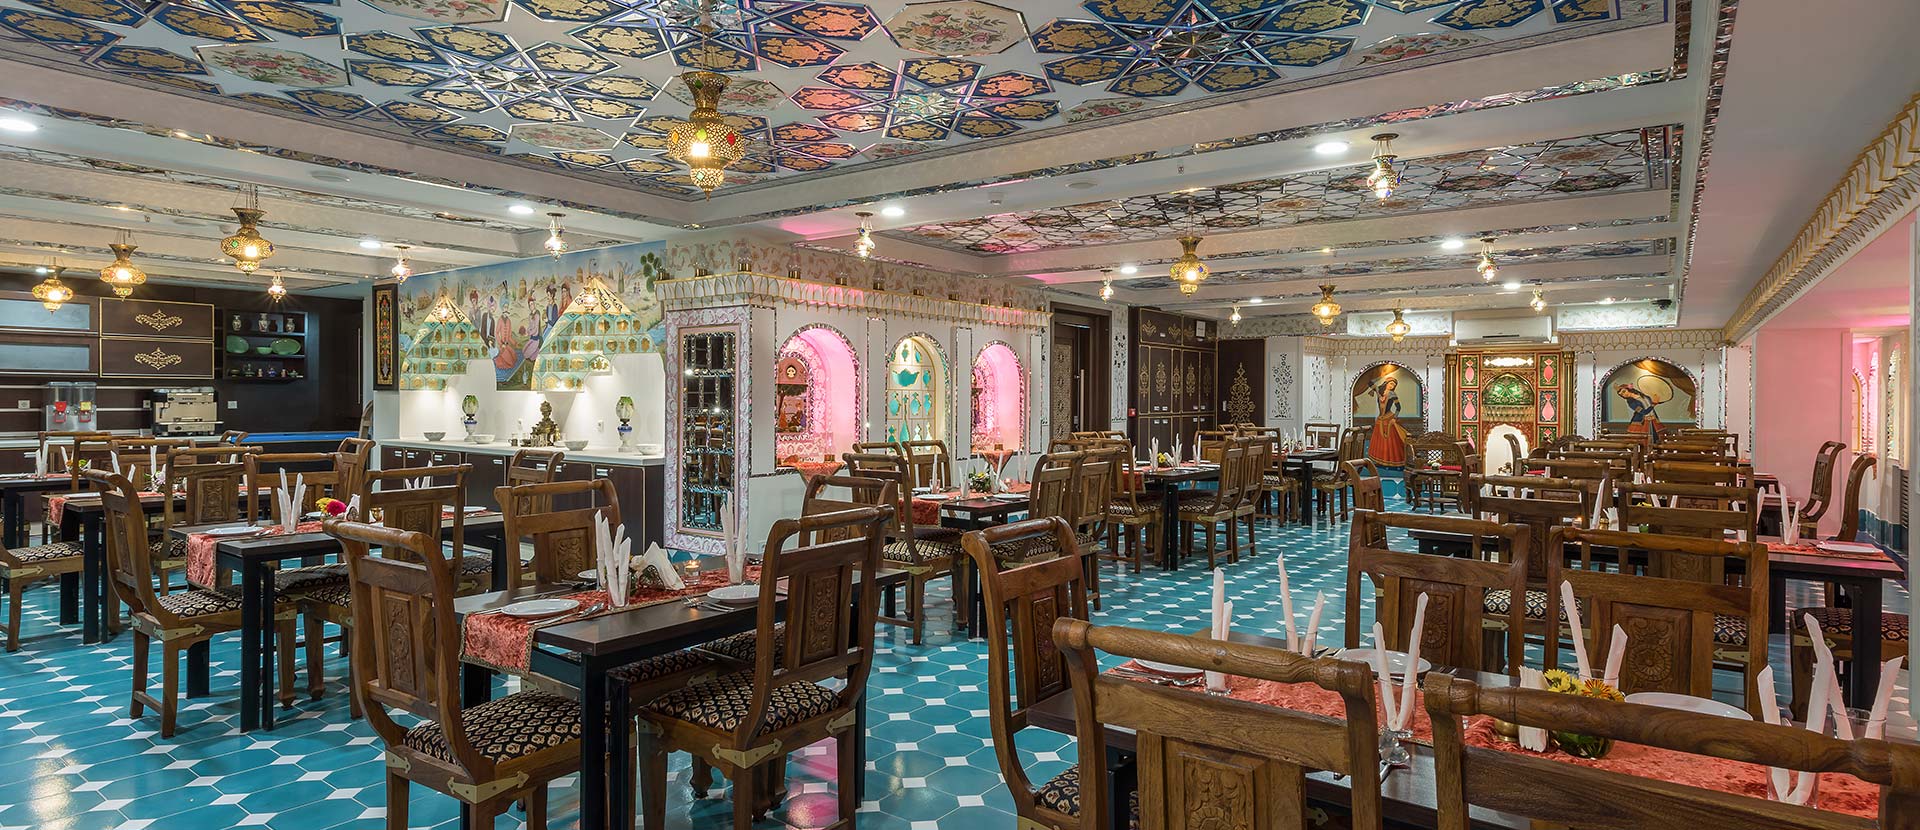 غذاخانه سنتی هتل شیخ بهایی
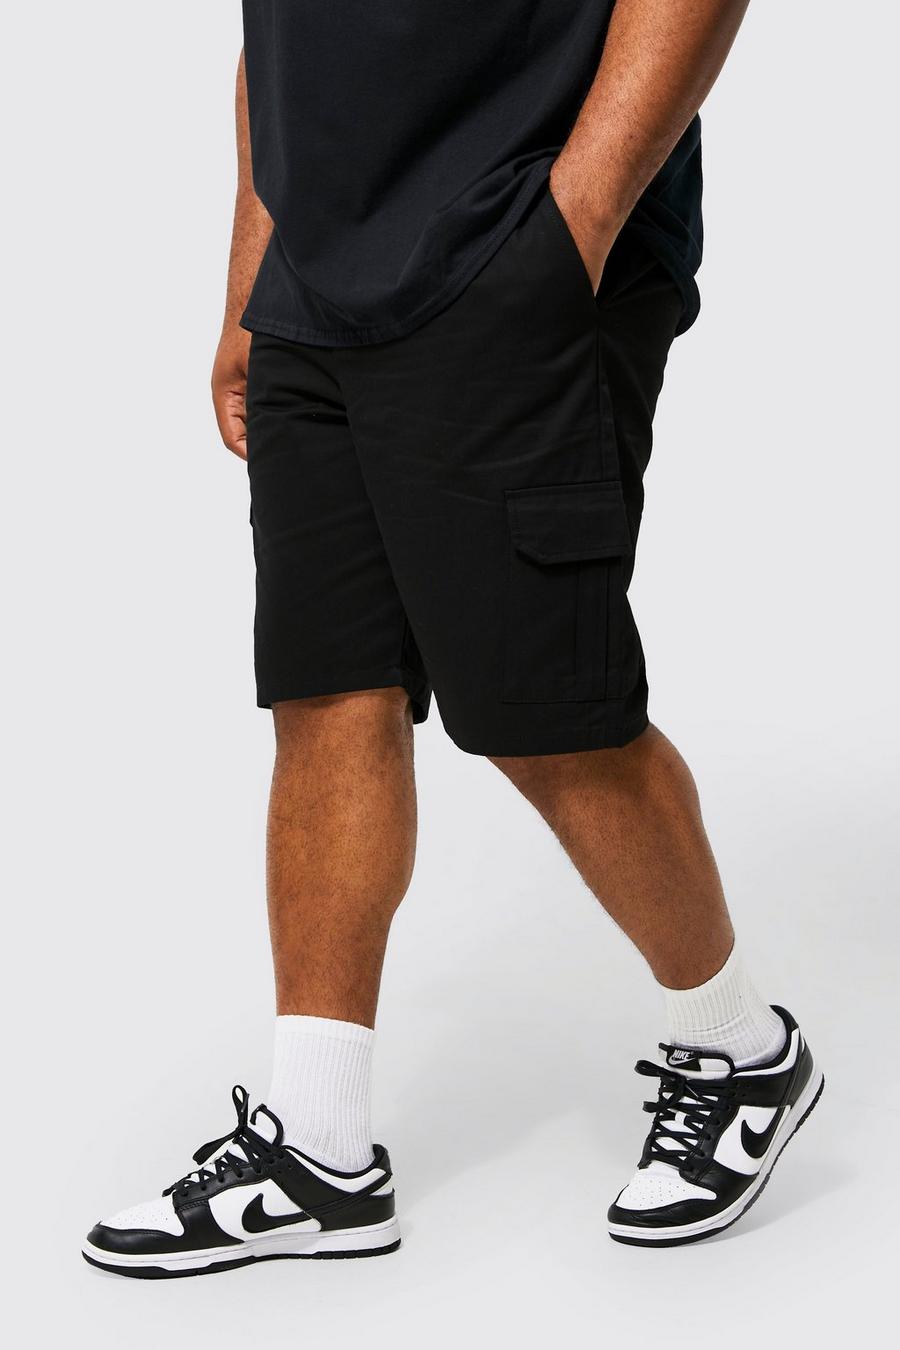 Pantaloncini Cargo Plus Size con vita elasticizzata, Black nero
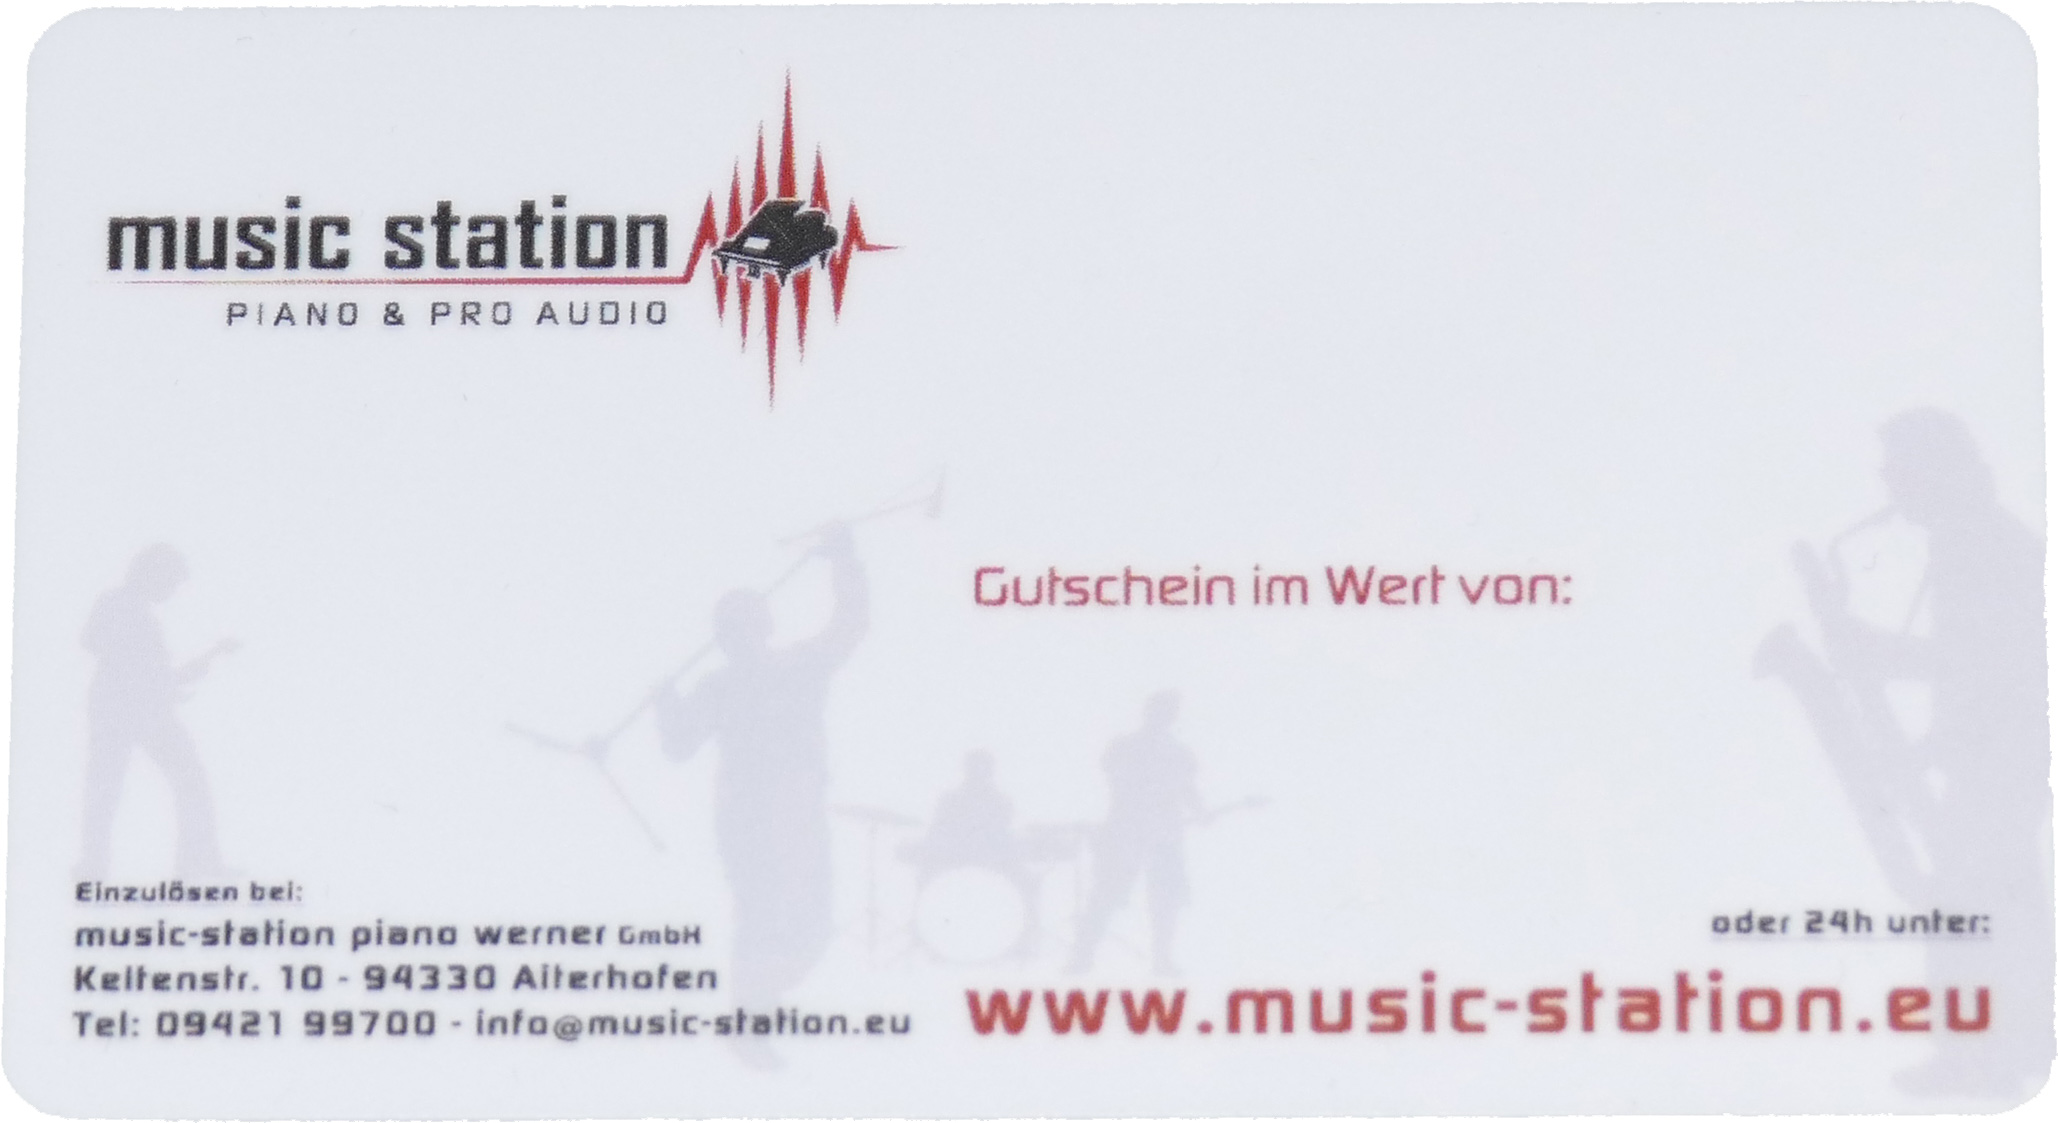 Music Station Gutschein 150 Euro
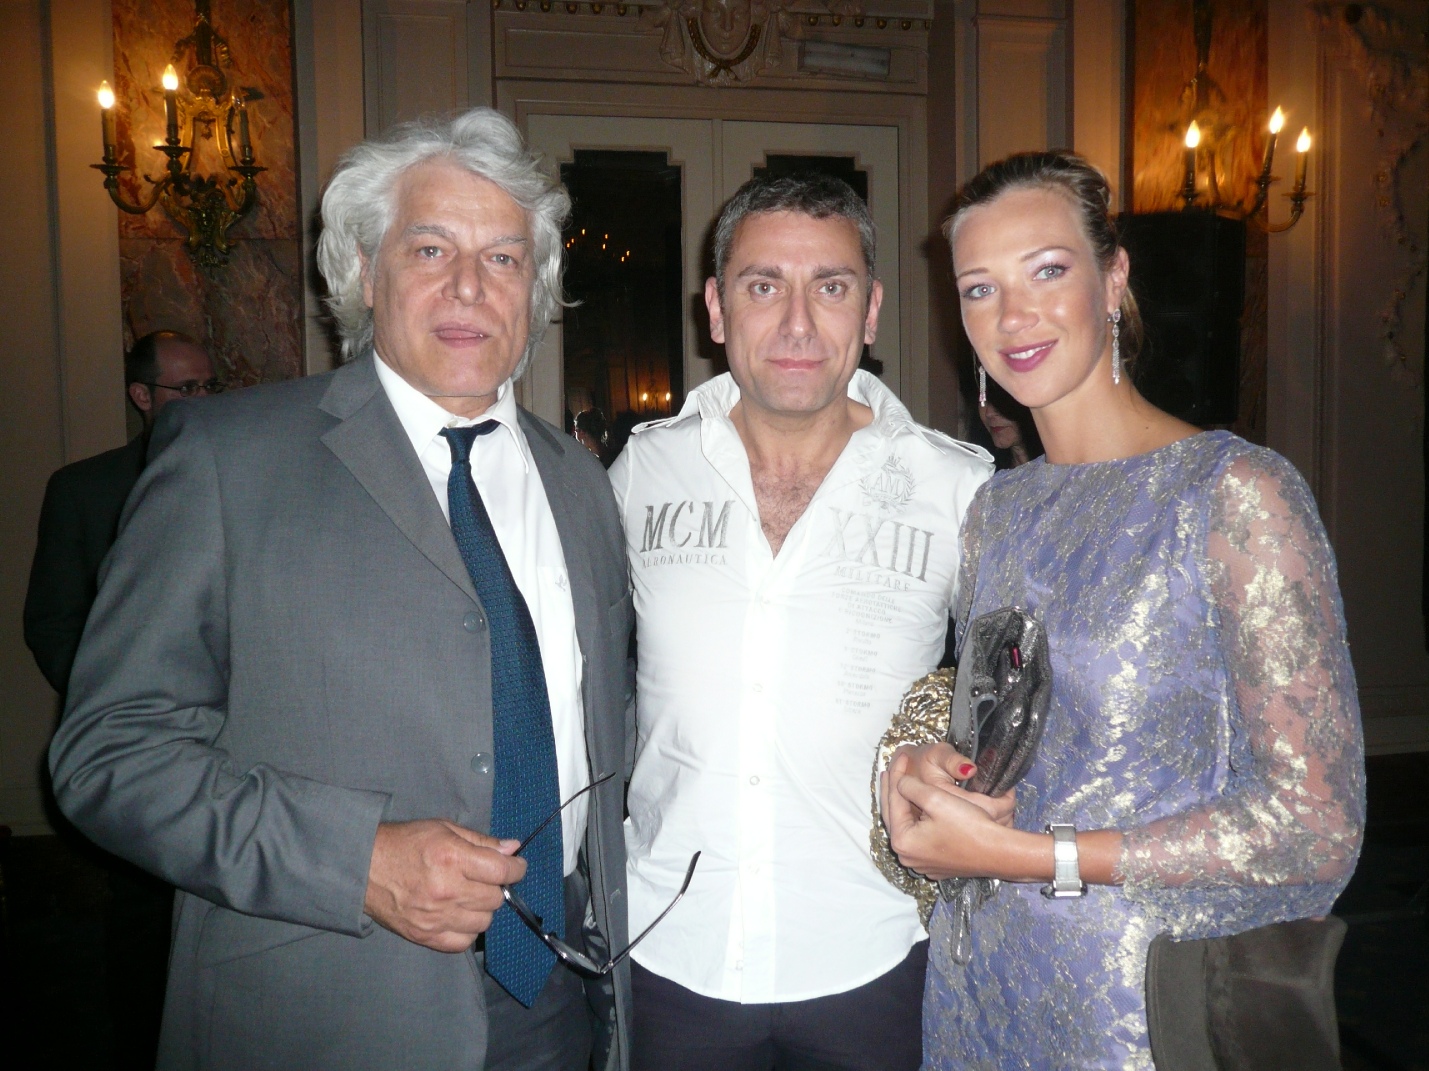 Max Leonida with Gerardo Placido and Ludmilla Radchenko at the 2010 Cannes Film Festival
=-=-=-=-=
__The task__
Copy exactly what appears from the line holding "Music Station Gutschein 150 Euro" to the end of the material, keeping both end lines. Pictures are not part of the copy.

__Response to this exercise__
 Music Station Gutschein 150 Euro
 Max Leonida with Gerardo Placido and Ludmilla Radchenko at the 2010 Cannes Film Festival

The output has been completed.